▶ [DATA BELOW]:
/---

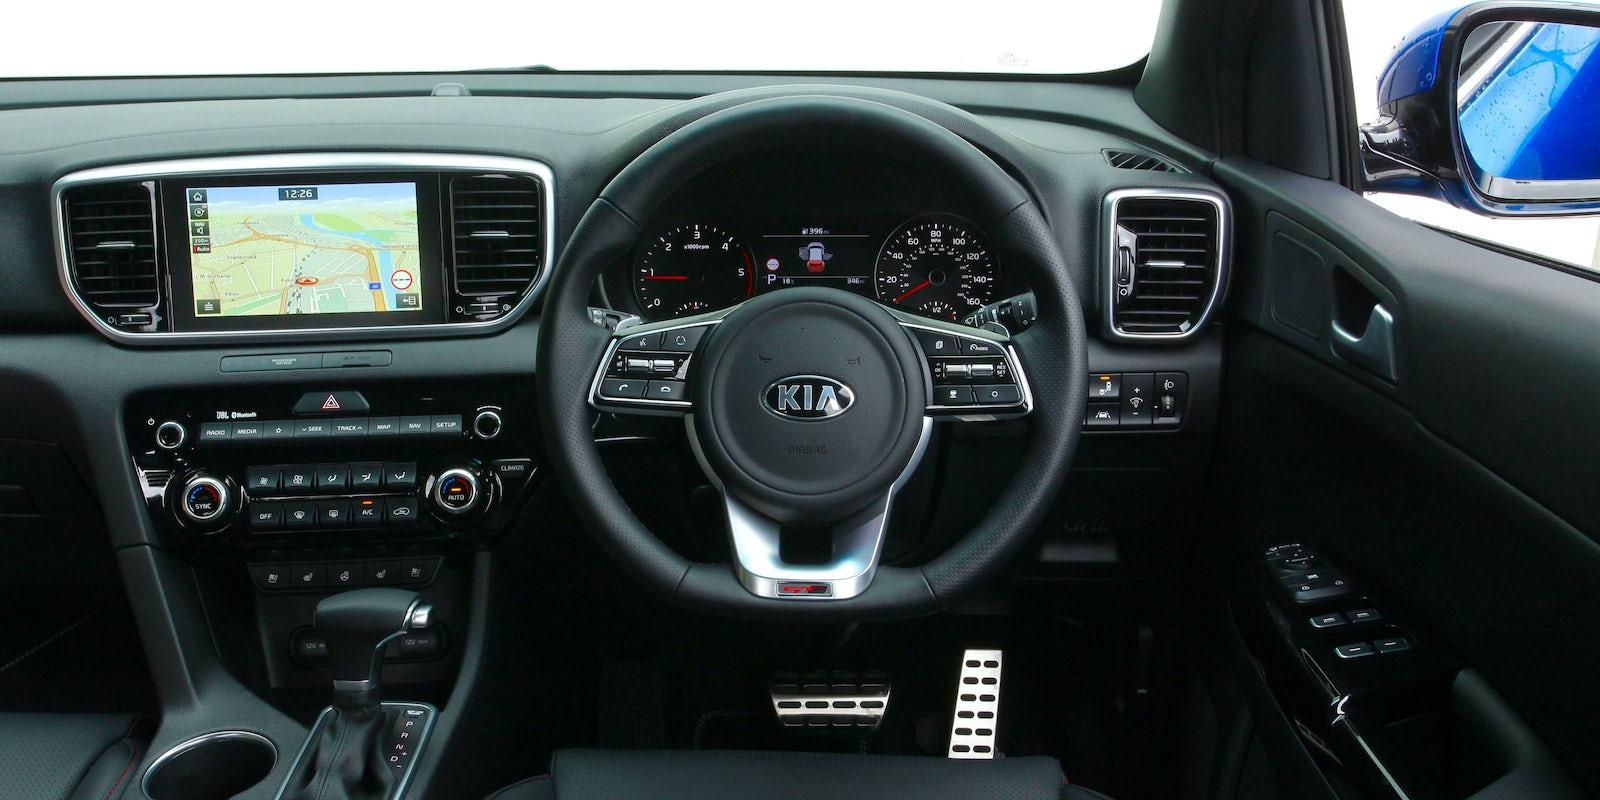 Kia Sportage Interior & Infotainment | carwow
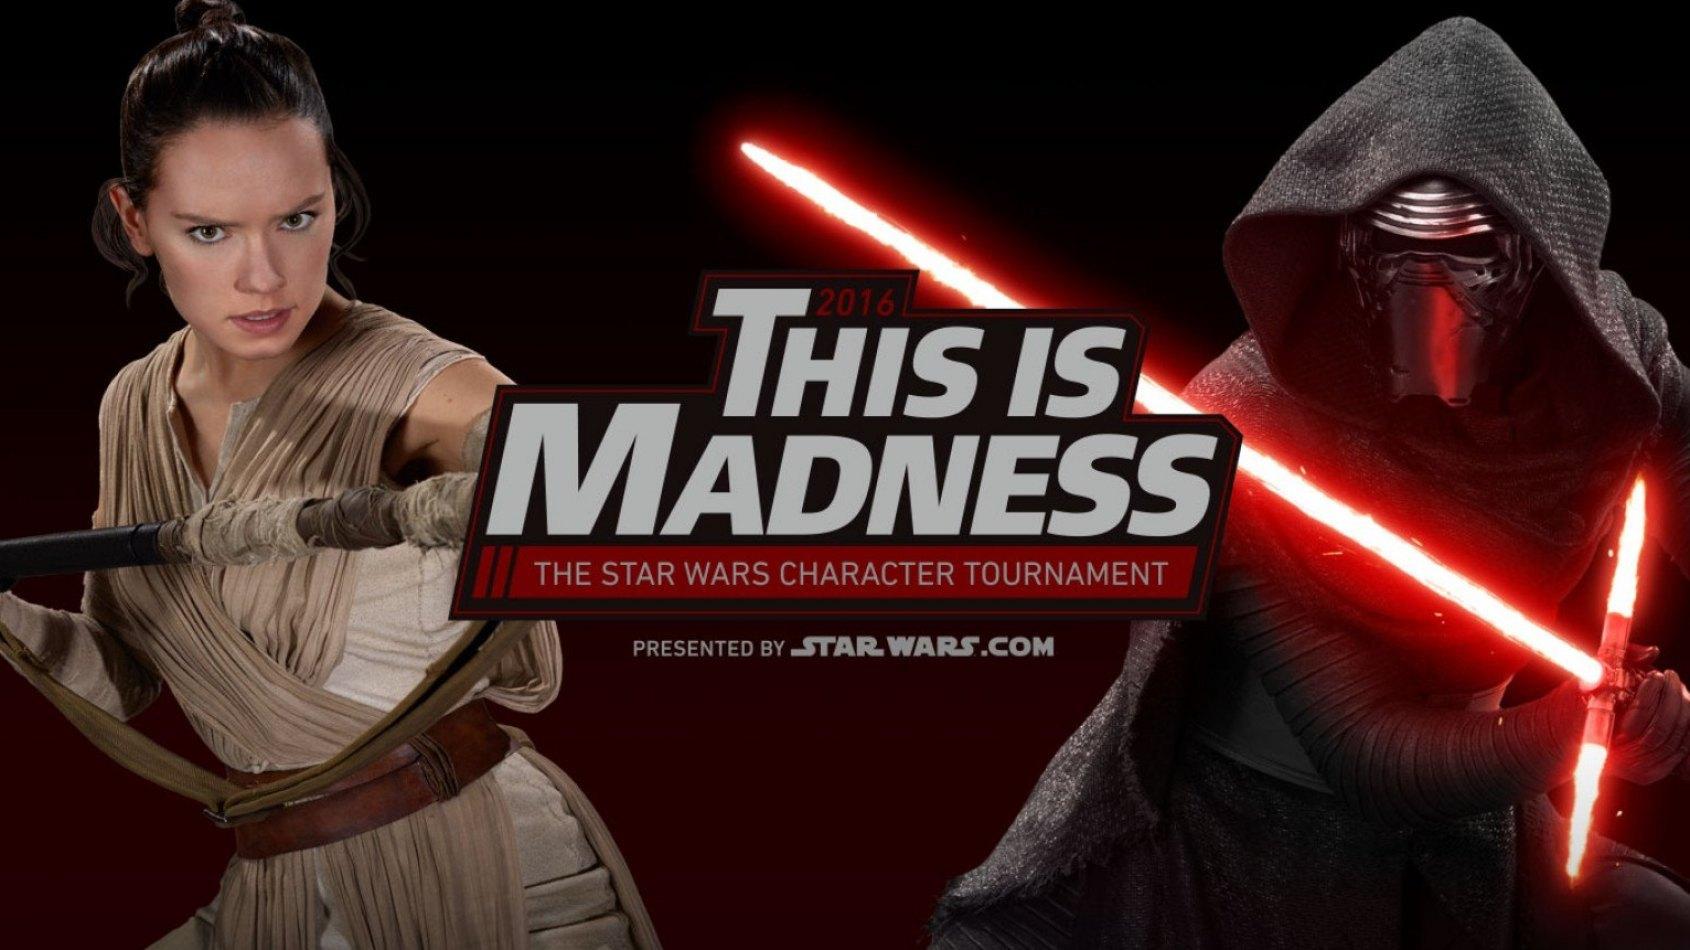 Le retour du tournoi Star Wars
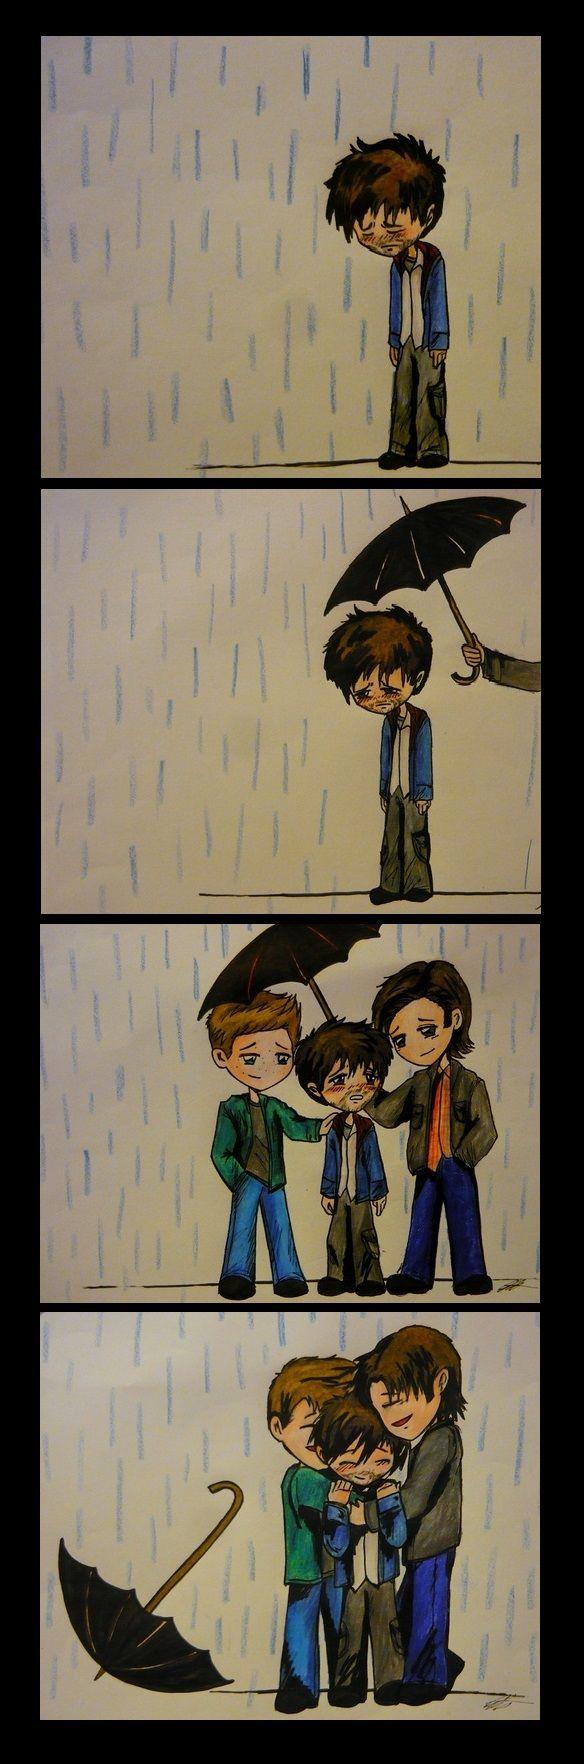 Awesome Fanart - Supernatural - Sam - Dean - Castiel

\---

Having located the line with "Le retour du tournoi Star Wars", copy it exactly along with every later line through the end of the listing above, but omit the pictures.

▶ [RESPONSE AREA]:
 Le retour du tournoi Star Wars
 Awesome Fanart - Supernatural - Sam - Dean - Castiel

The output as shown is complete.